Thursday, December 29, 2011

Christmas the final edition with maybe one more coming.





Having a 2 year old is kind of a roller coaster, you love them, and then other times well... could we just have some cooperation and quiet. All the same, I have to say I am more into the toddler stage than I was the infant stage, her quirky little personality just tends to keep me laughing all the time.

These are some of the day of Christmas pictures. We cheated a bit and let her open presents as they came, just to try and spread out some of the fun and ease on the hour of present opening that she'd get bored with. We were having a low-key Christmas here, as bed-rest is not exactly budget friendly and combine that with gestational diabetes there just wasn't a lot of the fluff and fancy of Christmas.

That said it was still an amazing time. Kate gets as excited about a new tooth brush as she did other things. Though the cat-piano, microwave, and music player are being used non-stop. I just can't help but feel excited when I watch her do something, because she is so excited. Absolutely contagious positive attitude.

How much would you pay to have that type of joy at all times? To really be excited when you got a new tooth brush in your stocking. To laugh because your dad said silly-billy and then entertain yourself by repeating it for the next 30 minutes. To have minimal expectations or what your day "should" be like, and just enjoy the stability of life around you.

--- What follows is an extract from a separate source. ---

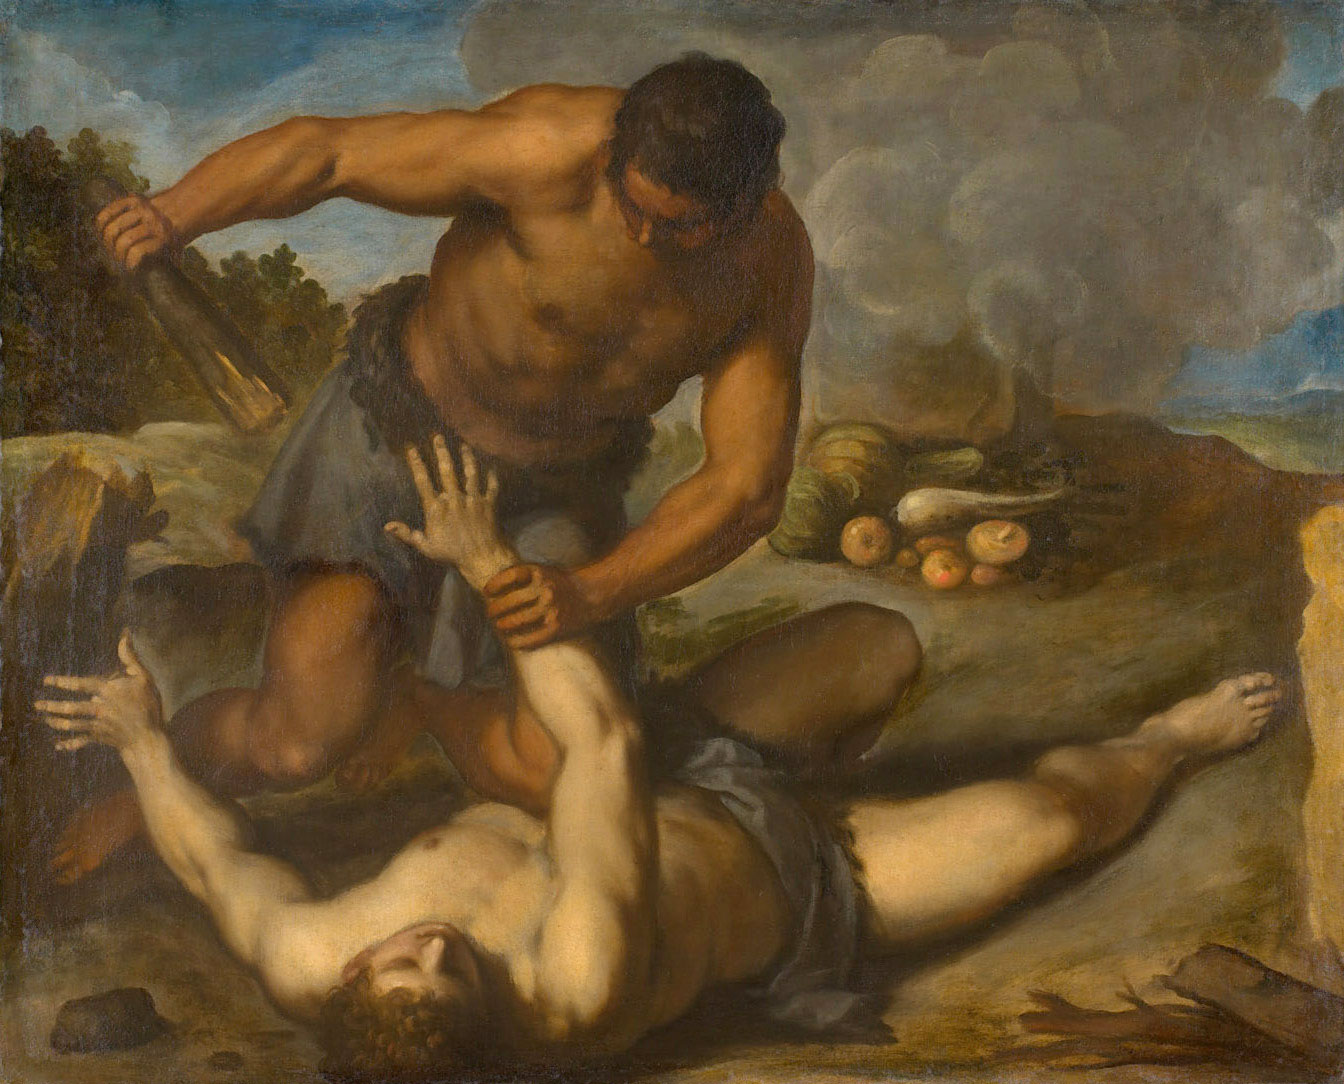 “Cain and Abel” (Caín y Abel) de Palma il Giovane. Imagen a través de Wikimedia Commons.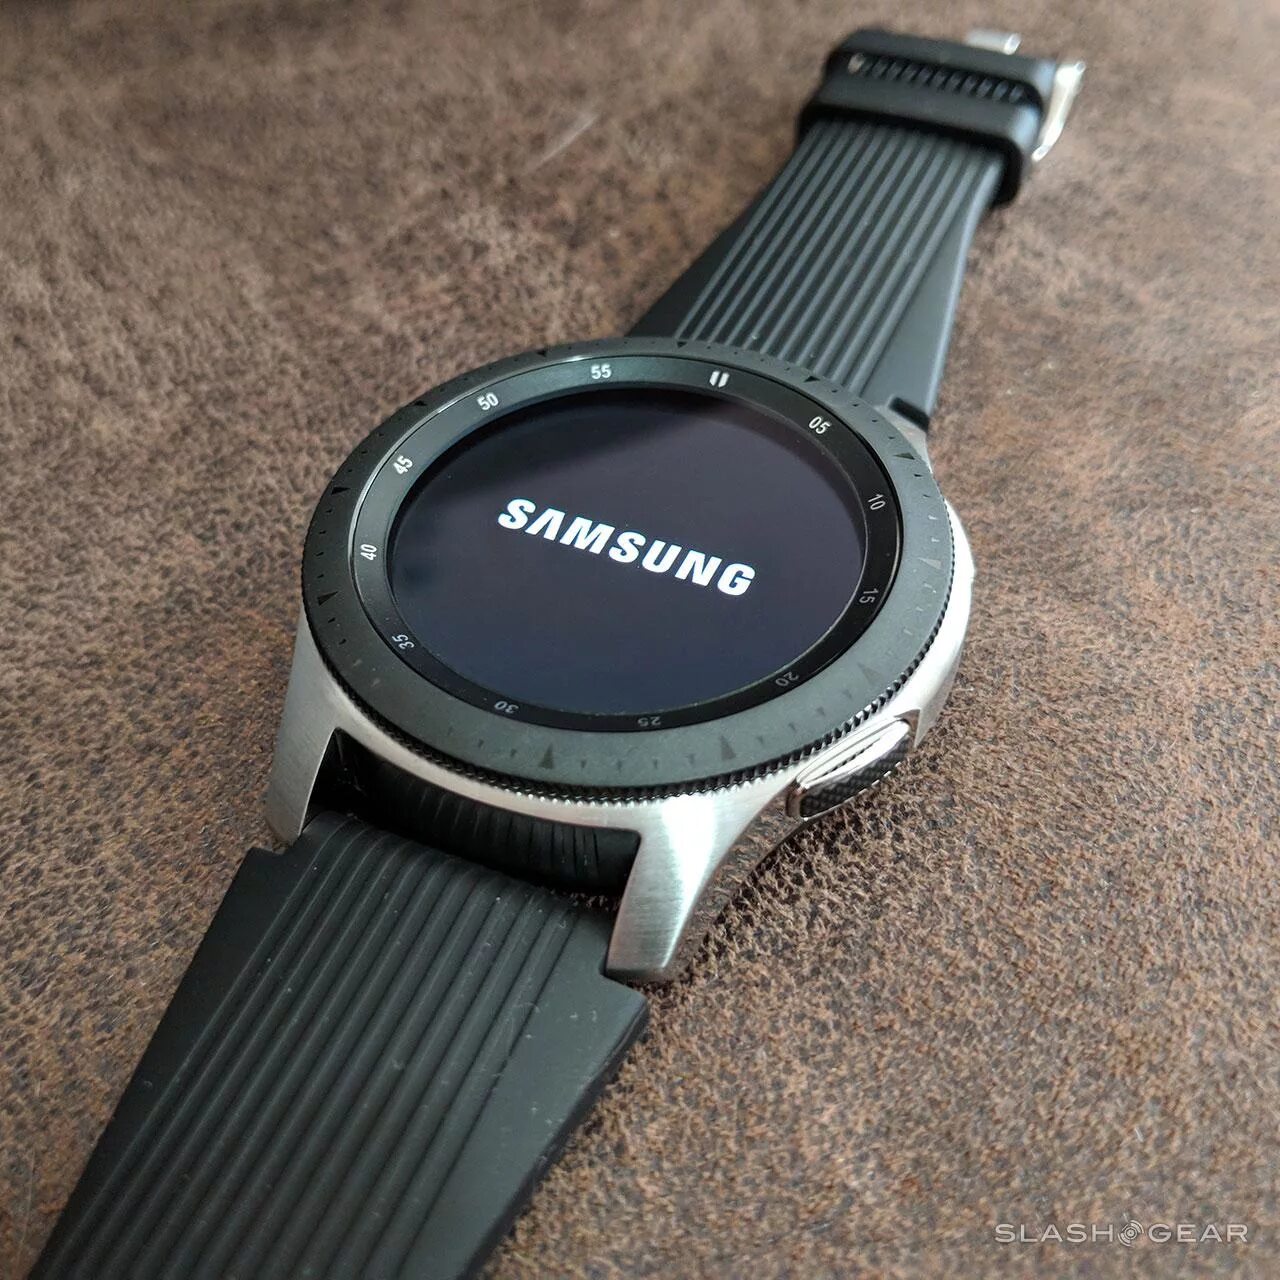 Samsung Galaxy watch r800. Samsung Galaxy watch SM-r800. Samsung Galaxy watch 46mm SM-r800 Silver. Samsung Galaxy watch 46mm Silver r800. Galaxy watch пленка

Toddlers aren't perfect. Far from it. They are a lot of work, they require consistency of food, activity and lots of sleep. They tend to get frustrated quickly some days and lack the skills to tell you why. They can really be spectacular though with their live in the moment pure enthusiasm and that is what we could all use on any day. It just makes Christmas shine a bit brighter.

Wednesday, December 28, 2011

More Christmas Fun... what is she thinking?

I give all my neices matching pj's and a book for Christmas, thus why the two bookends are matching. This was actually Christmas Even night, and I am just not sure what she is thinking in this series of photo's.
This one scares me, because I completely see myself in it. Yes, I make weird faces in photos but I never imagined having a child that had such a resemblance to myself. Her personality is a mix and unique, but there are times I look at her or look at a picture and I feel like I am looking at myself.
Now she is finally starting to act a bit more normal, but what is her cousin on the right up to? All I can say is we are in for it with all these girls running around in the coming years!

Monday, December 26, 2011

Christmas Eve Fun.



I am going to have to have several installments for Christmas pictures and fun because there was just so much fun (especially for the youngest member of the family). It is typical Western Washington weather and we woke up on Christmas Eve to rain, rain, and more rain. Not a problem, time for the REI rain gear and out we go for some fresh air.

This was a psuedo-present, something we've been talking about doing for awhile and just didn't get around to it until now. For five dollars, we now have a steering wheel in the upper portion of the play fort. It was both a dump truck and a garbage truck and mom's car during this play period of time. Defiantly a happy five dollars spent.

Drive on little lady.

Friday, December 23, 2011

Hard Mommy Lessons.

As we know some parts of parenting are harder than others. For me, even though I haven't had my second daughter I already feel the pull between being there for each of them when physically I can only do so much. When I have those big brown eyes with tears, and the 'momma, momma' coming from her pleading voice it truly makes me want to be and do more. I just can't do it all.

Luckily I have only been in the hospital twice thus far for this pregnancy, and neither had a very long stay. This is something that I pray for every night, that I can stay at home for as long as possible if not my entire pregnancy. Bedrest at home is one thing, but to be honest bedrest in the hospital is hell. Last time, I didn't think I would survive (my poor husband barely survived my sobbing phone calls). This time being separated from my daughter would probably break me in two.

That being said, nearly daily I have to do something different and hard for the health of our baby over the happiness of our older daughter. I haven't picked Kate up in so long, and at first she was great about it. Now it has just gotten old for both of us. We go somewhere and there is something to look at, or she has a boo-boo, or she is just tired. You can only comfort kneeling down so much. She has adapted, and has learned how to climb up into my lap, onto the bed and couch and so on. We still both miss it.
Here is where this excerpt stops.